Inadequate knowledge and awareness of HIV/AIDS is an obstacle to preventing the spread of the disease in the community, and is strongly linked to the negative perception of people towards those living with HIV.
Community AIDS Service Penang (CASP) founder and chairperson, Prof Ismail Baba, gave a virtual talk on “HIV/AIDS: Trends, Risks and Prevention” on 1 April 2022. About 100 people attended the event jointly organised by WOU’s Centre for Foundation Studies (CSFS) and the Drug Prevention Association of Malaysia (PEMADAM).
Prof Ismail shared that AIDS is the advanced stage of HIV in which a person’s immune system is too weak to fight off other infections, eventually leading to death if not treated.
He said individuals become infected with the HIV virus in three ways – unprotected sexual intercourse; transmission from mother to infant (in the womb, at birth and through breastfeeding); and sharing of drug injection needles/syringes.
“The virus can also be spread through blood transfusion if the donor is HIV-positive but is unaware since the window period, that is the timeframe between contraction of the HIV virus and detection of the infection, can take up to six months,” he added.
He highlighted the various HIV antibody tests, such as the enzyme-linked immunosorbent assay (ELISA), which is followed by the Western Blot test to confirm diagnosis, along with the rapid antibody/antigen test done with a finger prick and the oral fluid self-test, both of which produce results in 30 minutes or less.
Prof Ismail cited a 2016 study by the Ministry of Health on the ‘HIV & AIDS Epidemic in Malaysia’, which found that ages 20-29 have the highest percentage of reported HIV cases at 40%, followed by 30-39 years at 31% and 40-49 years at 16%. Mothers with HIV have a 30% probability of giving birth to a HIV-positive infant, and he therefore encouraged infected pregnant women to take azidothymidine (AZT) to reduce the odds by 8-15%.
He said the symptoms of HIV include muscle aches and pains, fever, sore throat and cough, and swollen lymph nodes, which are indicators of various other illnesses as well.
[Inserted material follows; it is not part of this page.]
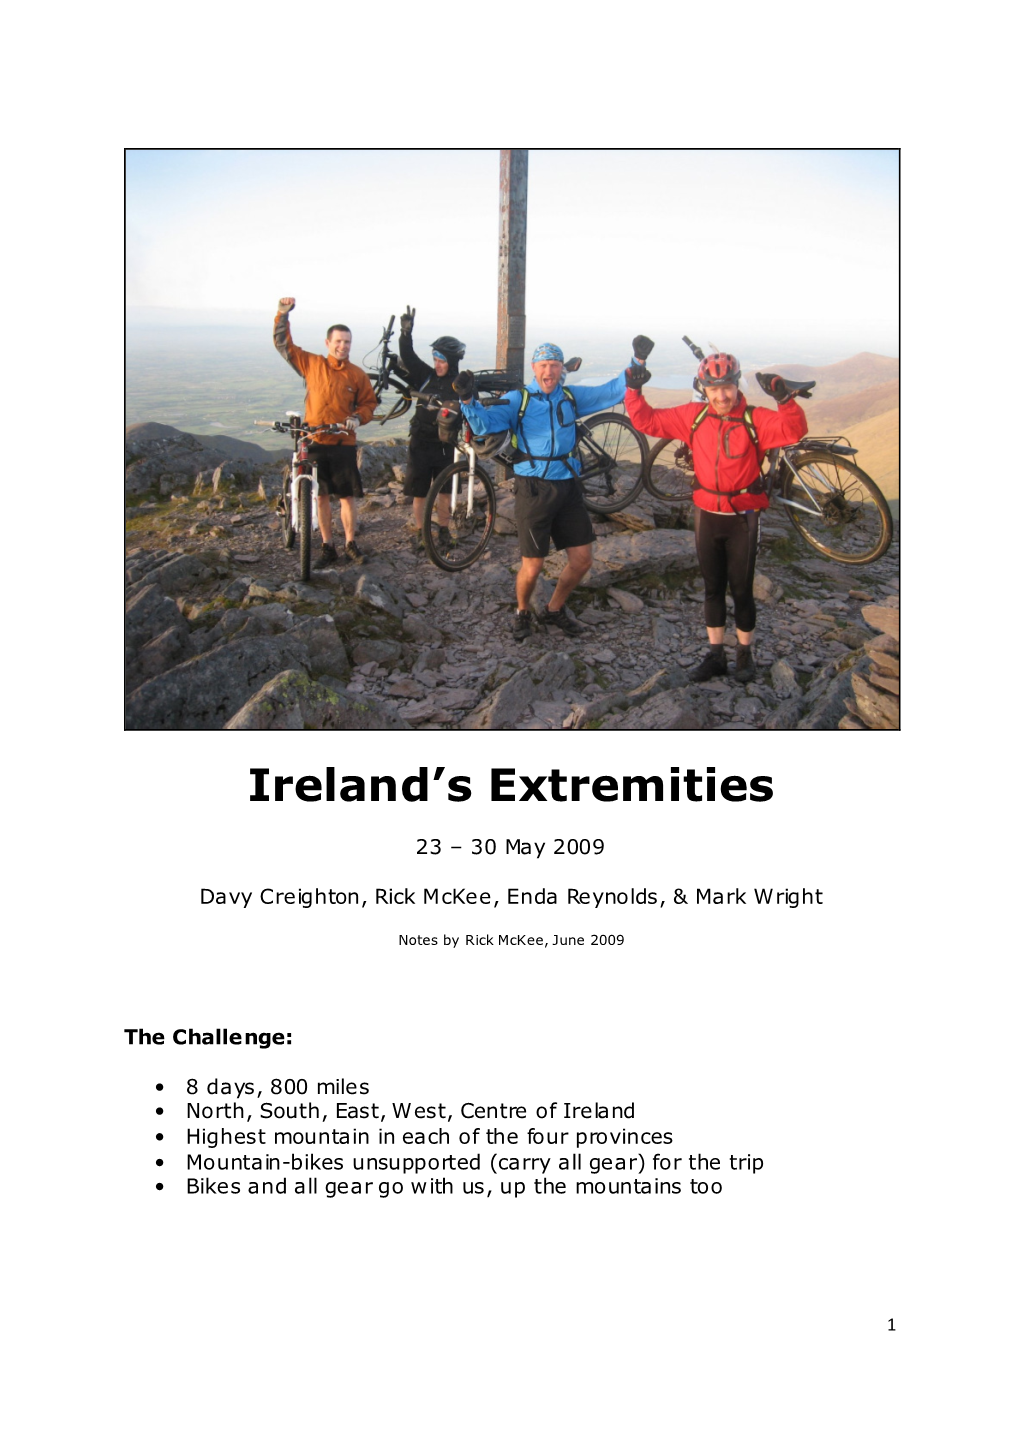 Ireland's Extremities Trip Was Simple Enough in Concept

He remarked that it is critical to get tested if they engage in high-risk activities for HIV transmission.
He also mentioned the emotional distress of individuals living with HIV. “They go through denial, anger, bargaining, and finally acceptance,” he said. Many of them can be in denial for years because of their limited understanding of the virus, and so counselling is very important for support.
Prof Ismail urged parents to play an important role in HIV/AIDS education by exposing their children to the issue. “The country must establish a social policy where HIV/AIDS and sex education are taught in the schools,” he said. He also recommended enacting a social policy to eradicate the stigma and discrimination against people living with HIV/AIDS, including businesses refusing to hire eligible candidates with HIV.
During Q & A, he informed that there are more than 50 non-governmental organisations that partner with the Malaysian AIDS Council. The public can refer to the PEMADAM website if they wish to contact the NGOs for information or to talk to their experts.